Nunca se me va a olvidar el día en que conocí a Tomás. El man se me paró al lado y me empezó a hablar así, sin más, como si nos conociéramos de antes.


-Hola.-Se limitó a decir.
-Hola...
-¿Qué más?
-Bien, bien, ¿y vos?
-Bien... Soy Tomás.-Me dijo extendiéndome la mano.
-Mucho gusto. Pía.
Era blanco, de ojos oscuros, barba y pelo negro corto. Apenas lo vi me encantó. Tenía un cigarrillo en una mano y dos botellas de cerveza en la otra. Se sentó a mi lado y hablamos el resto de la noche...
-¿Querés cerveza?
-Vale, gracias.
-¿Qué hacés sola por acá a esta hora?
-No pues estaba sacando a mi perro a caminar.-Me corrí un poco para que viera a José Hilario.
-¡Uy, está genial! Tiene como cara de depresión...
-Sí, es súper tierno. Se llama José Hilario. A veces pienso que se quiere suicidar.-Sonreí.- ¿Dónde vivís?
-Muy cerca de tu casa. Hasta puedo verte salir y todo.
-¿Cómo así?, ¿Ya me habías visto?
-Sí, claro. Desde hace rato te quería conocer. Me llamabas mucho la atención.
-Mmm... Vea pues. ¿Y hoy me viste afuera y saliste corriendo a buscarme o qué?- Pregunté como burlándome.
-No, tampoco. Hoy estaba en un bar con unos amigos y pues te vi pasar sola y sentarte acá, entonces pues pedí dos cervecitas y quise invitarte a un trago.
-Gracias.
-Todo bien.
-Bueno, contame de vos... ¿qué hacés por tu vida, con quién vivís, qué te gusta, sos soltero, casado, separado...?
-¡Jajaja! Bueno, esas son varias preguntas... Primero, qué hago por mi vida: soy fotógrafo. Segundo, vivo solo. Tercero, me gusta tomar fotos, el color negro, fumarme un tinto o un trago. Y cuarto, soy soltero.
-¡Qué coincidencia! Yo también soy fotógrafa, vivo sola, me gusta el color negro y todo lo demás. Nunca había conocido a alguien tan parecido a mí.
-Creo que nos vamos a llevar bien... ¿Querés un cigarro?
-Vale, gracias.

Hubo silencio. Pero no uno incómodo, por el contrario, era algo placentero; como que ninguno de los dos se afanaba por dejar fluir la conversación porque las palabras simplemente salían. Nos limitamos a fumar y a disfrutar del cielo...

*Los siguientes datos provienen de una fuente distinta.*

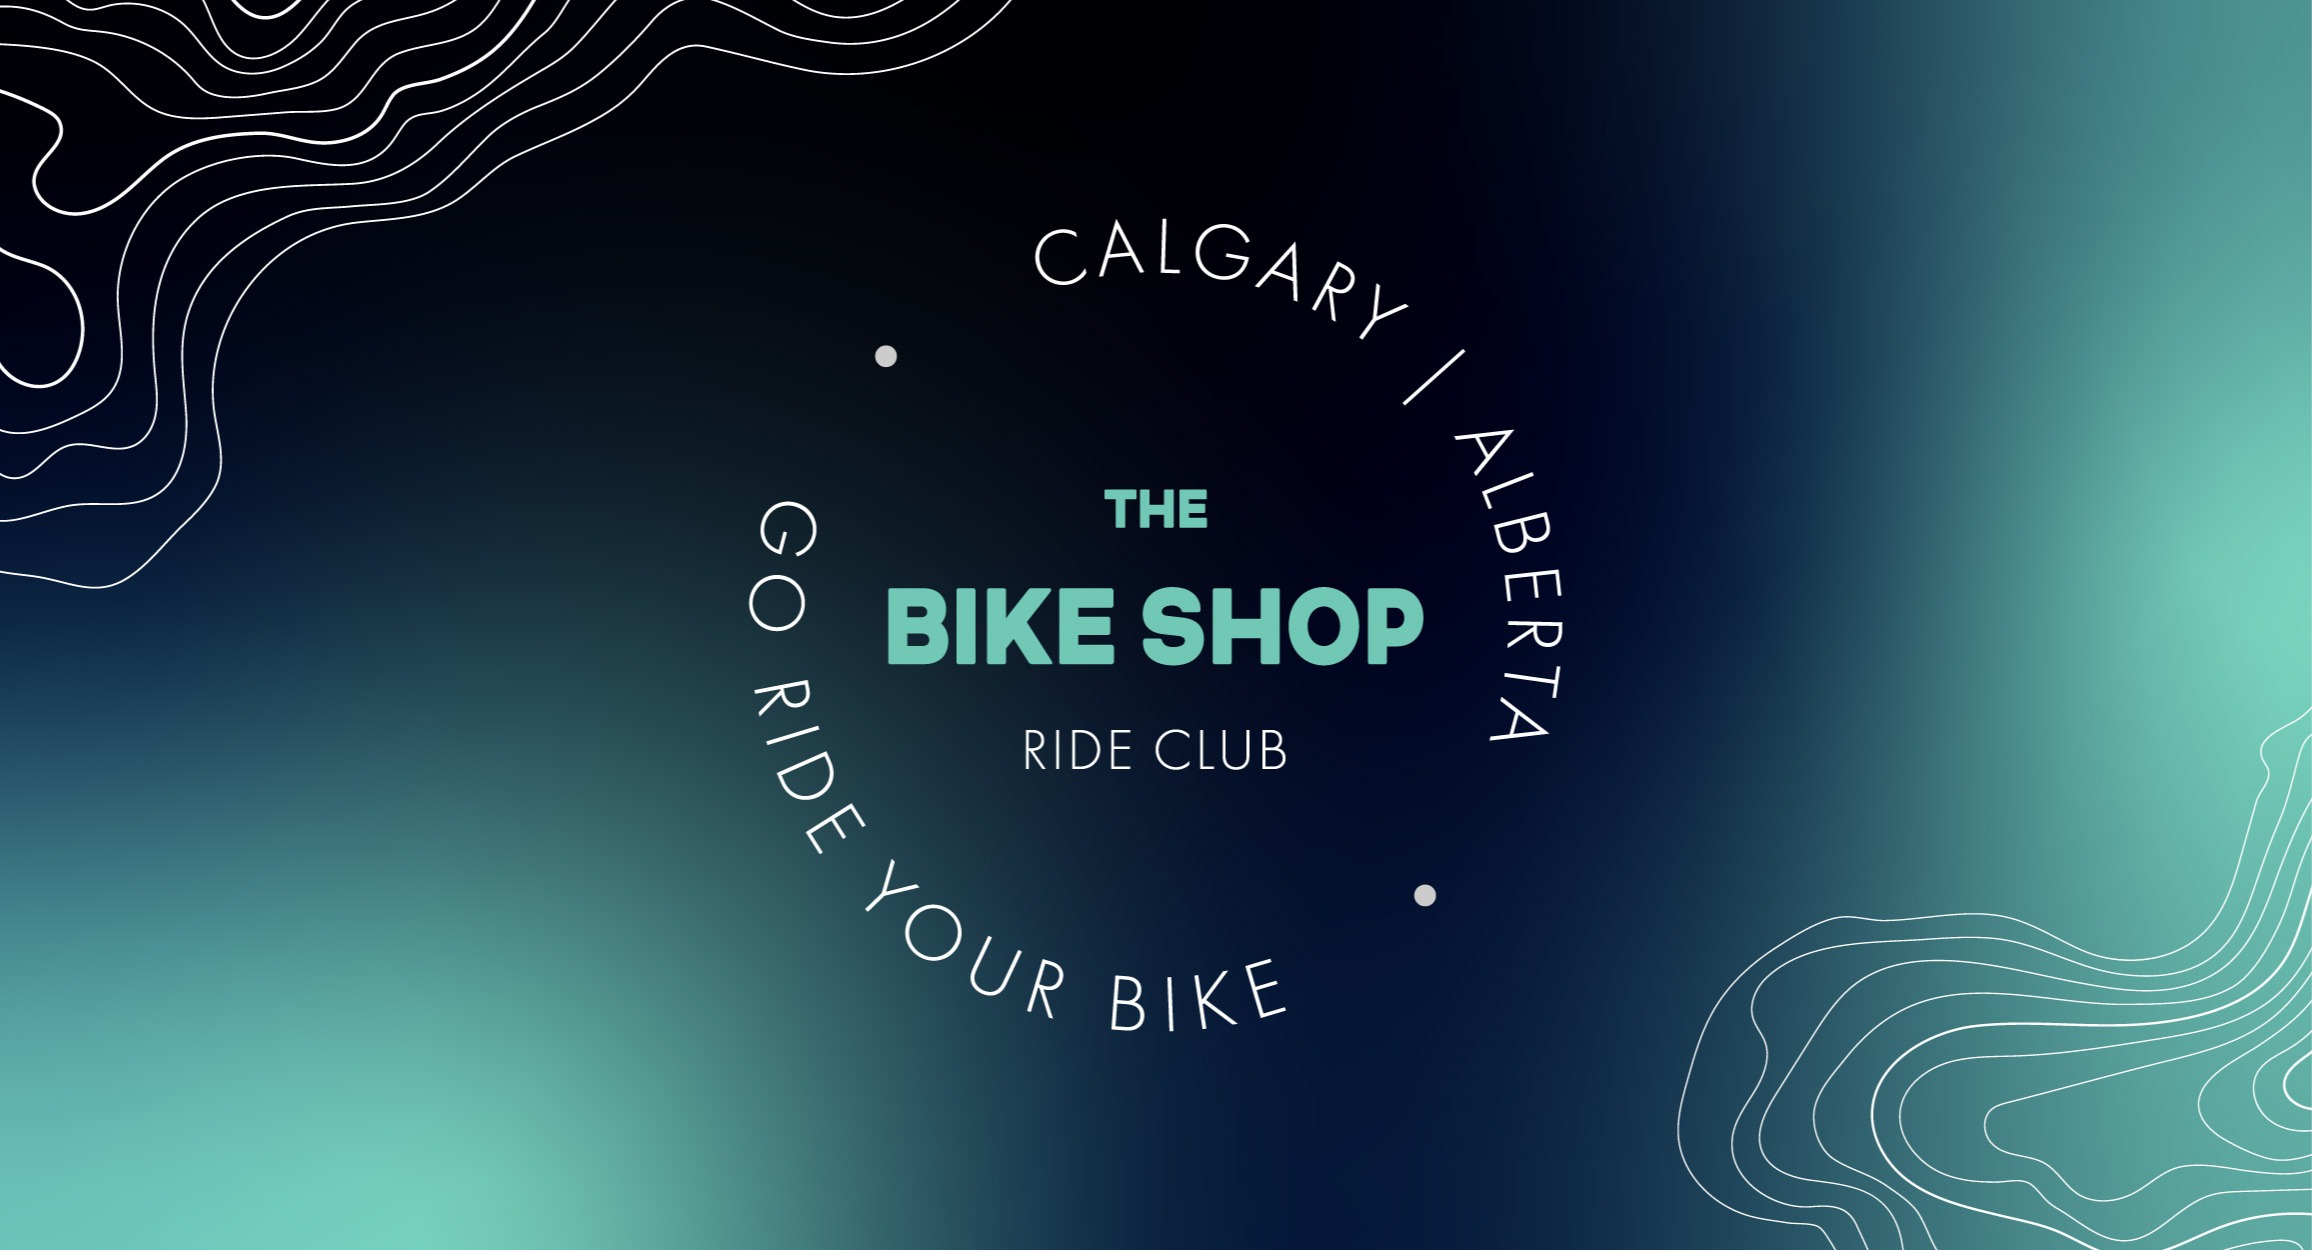 The Bike Shop Ride Club
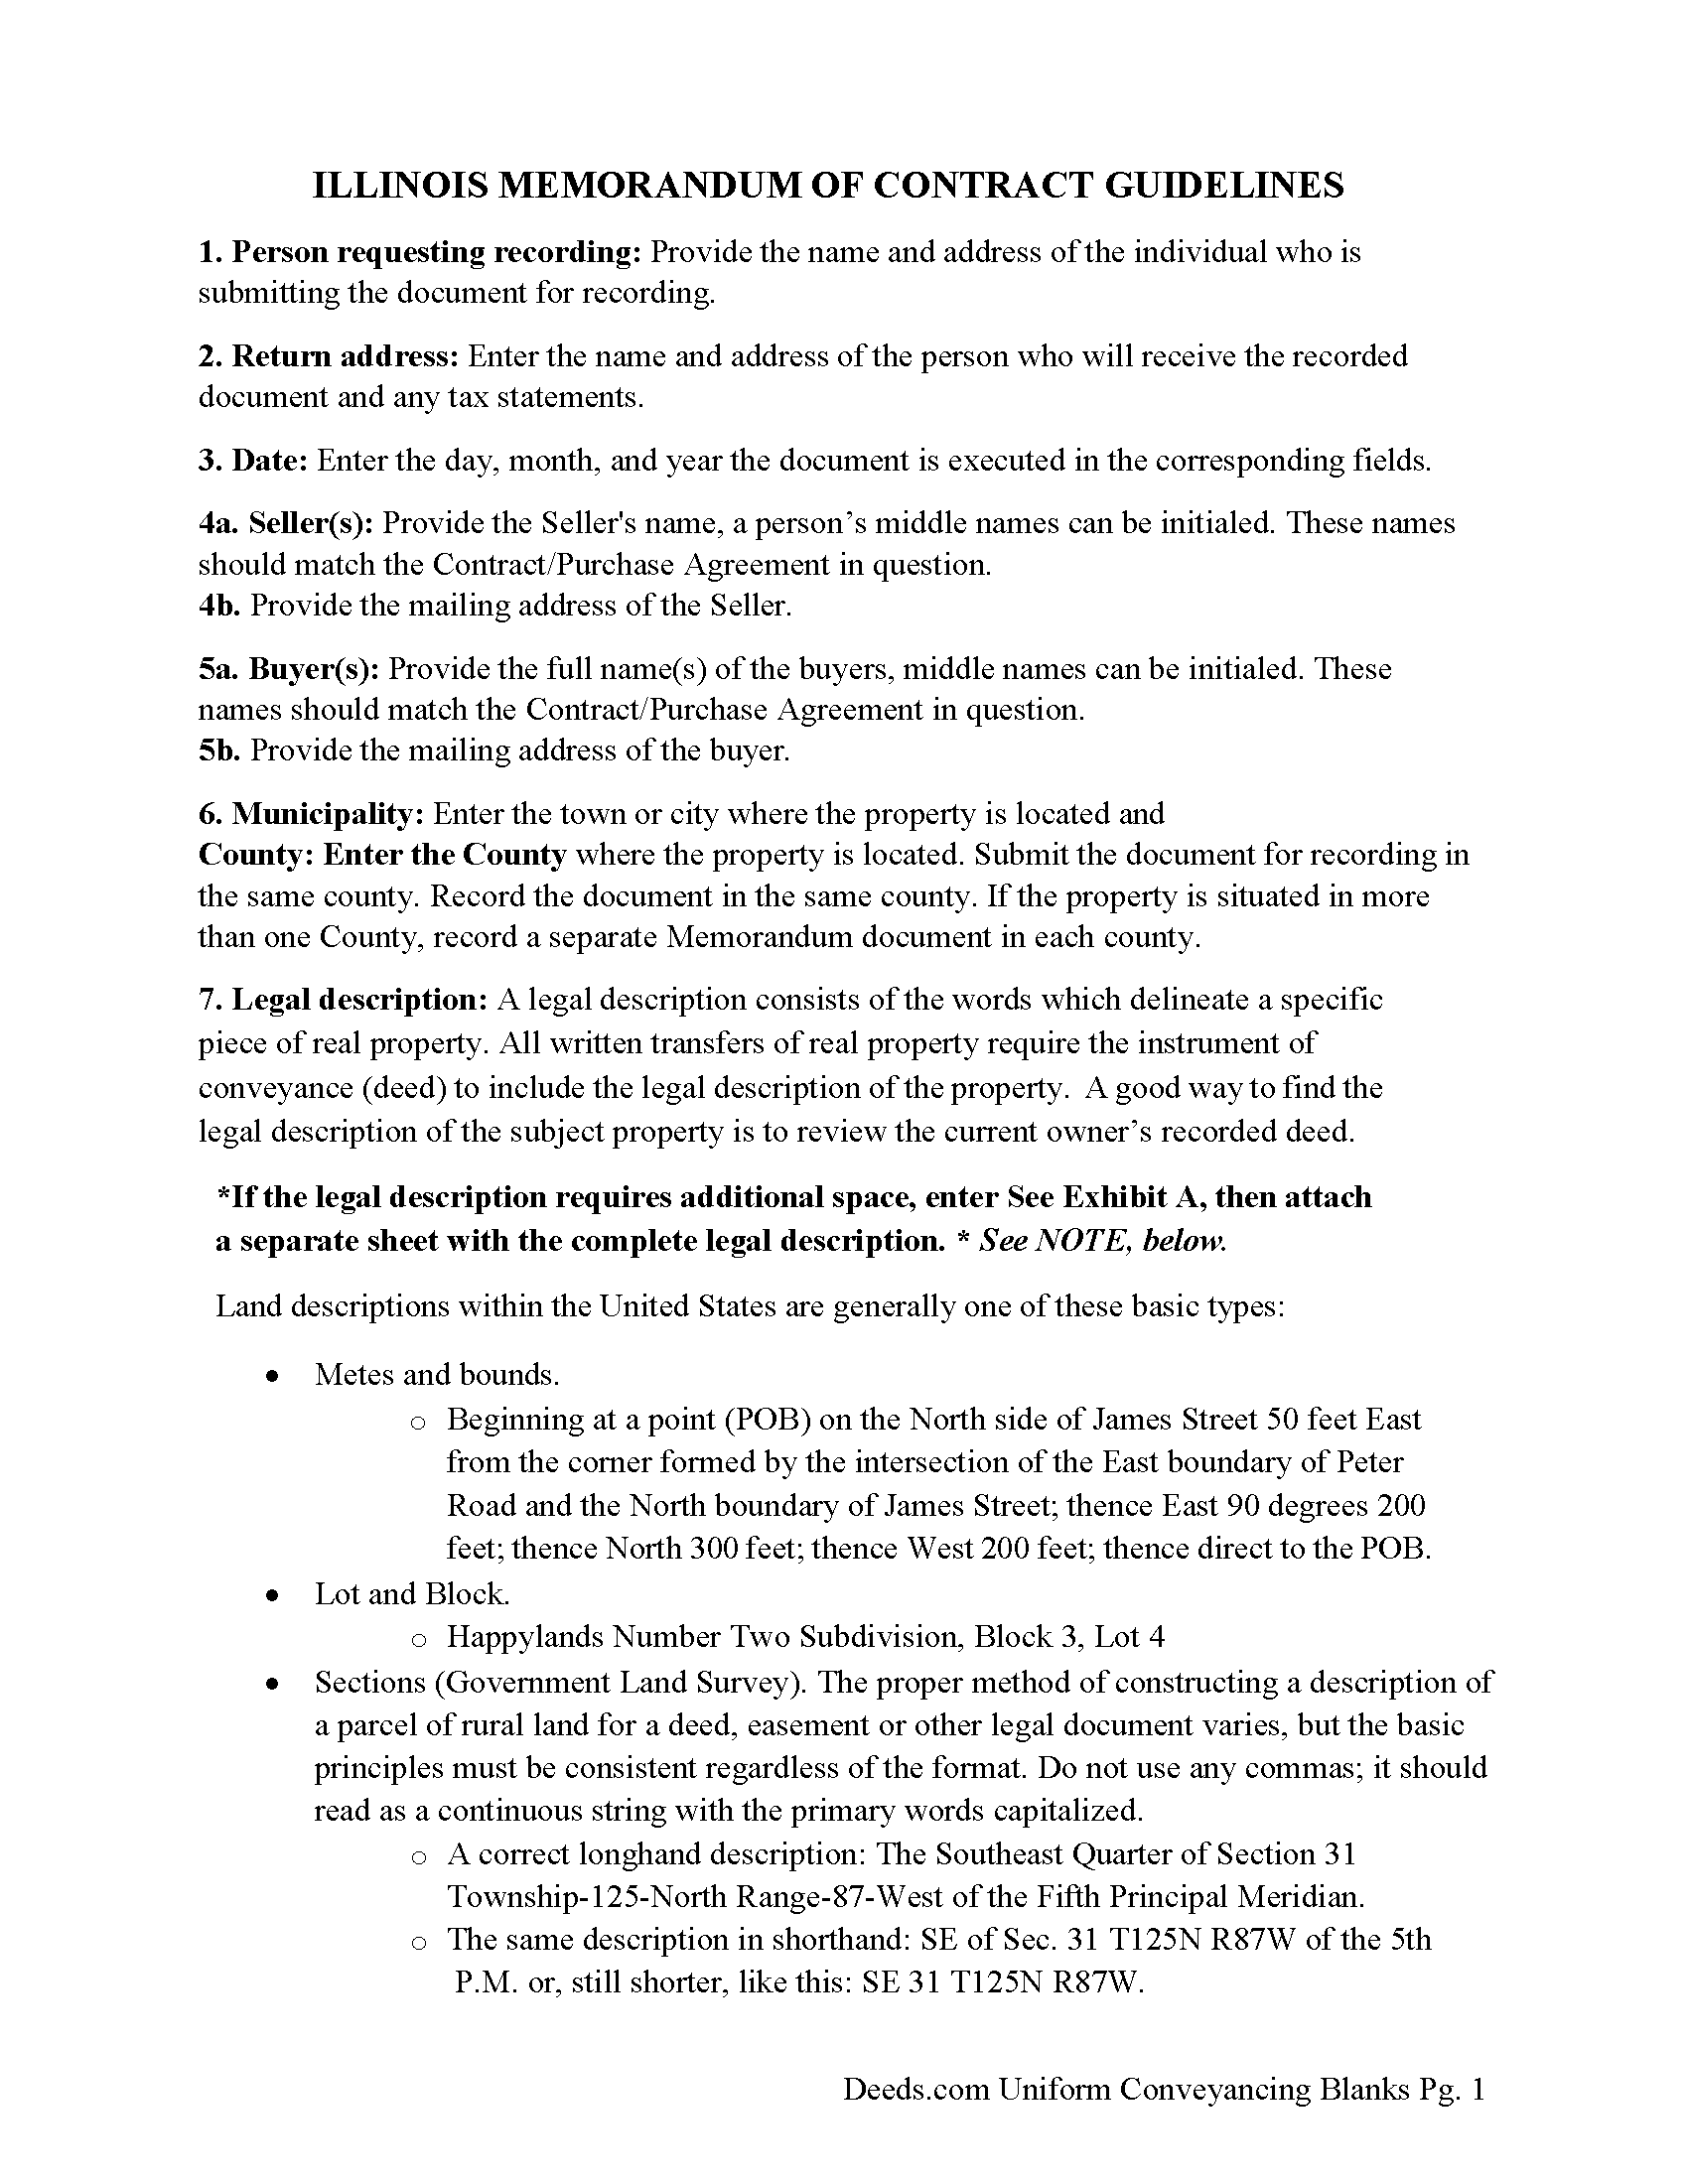 Clinton County Memorandum of an Installment Sales Contract Guide

-¿Qué haces además de tomar fotos?
-Canto. Me gusta mucho cantar. Y escribir... Y no hacer nada. Me gusta sentir que todo es tranquilo, perfecto. En esos momentos la vida parece más sencilla. Eso me gusta.
-Sos bastante optimista, ¿no?
-Bastante. A veces me dicen que vivo montada en una nube. Jaja.
-Jaja. Eso veo. Eso es bueno hasta cierto punto.
-¿Por qué lo decís?
-Porque vivir en otro mundo te hace olvidar del real. La realidad es más difícil. No todo es perfecto.
-Sí, pero mientras pueda creo que preferiré vivir en el mío. El de afuera es muy cruel.
-Sí, pero esa crueldad nos hace más fuertes, ¿sabés?
-Siempre llego a la misma discusión con todo el mundo. Ya son las 7:30, José Hilario tiene frío. ¿Querés ir a mi casa?
-Listo. ¿Otro cigarro?
-Bueno.

En mi casa comimos huevos y tomamos café. Nos fumamos otro par de cigarrillos, mientras hablábamos en el balcón...
-¿Y qué vas a hacer ahora?
-Pues será irme a mi casa a descansar...
-Mmm... ¿Querés quedarte a dormir un rato?
-Suena bien... Bueno.
-Vamos a mi cuarto entonces.
-Dame un beso.
-Cogeme una nalga.
-Quitame la camisa.
-Quitame vos la falda.
-Arrancame el pelo.
-Oleme la piel.
-Respirame.
-Comeme.

Así transcurrió el resto de la mañana y parte la tarde. Pude conocer por dentro a ese magnético hombre que lo único que despertó en mí ese día fue un placer inimaginable.
Era sábado, así que podíamos no hacer nada y dormimos el resto del día. Nos levantamos hacia las cinco de la tarde, comimos pizza y tomamos vino.
-Estuvo bueno, ¿no?
-Estás bueno. ¿Querés pizza?
-Bueno, gracias.
-¿Y ahora que vas a hacer?
-Ahora sí me voy a mi casa. Necesito cambiarme para salir más tarde. Gracias por la comida. ¿Nos vemos otro día?
-De nada. Obvio, nos vemos otro día... Que te vaya bien.
-Vale, gracias. Chao.

Cerré la puerta. Y fue así como conocí a mi sensual, inteligente y muy ardiente novio.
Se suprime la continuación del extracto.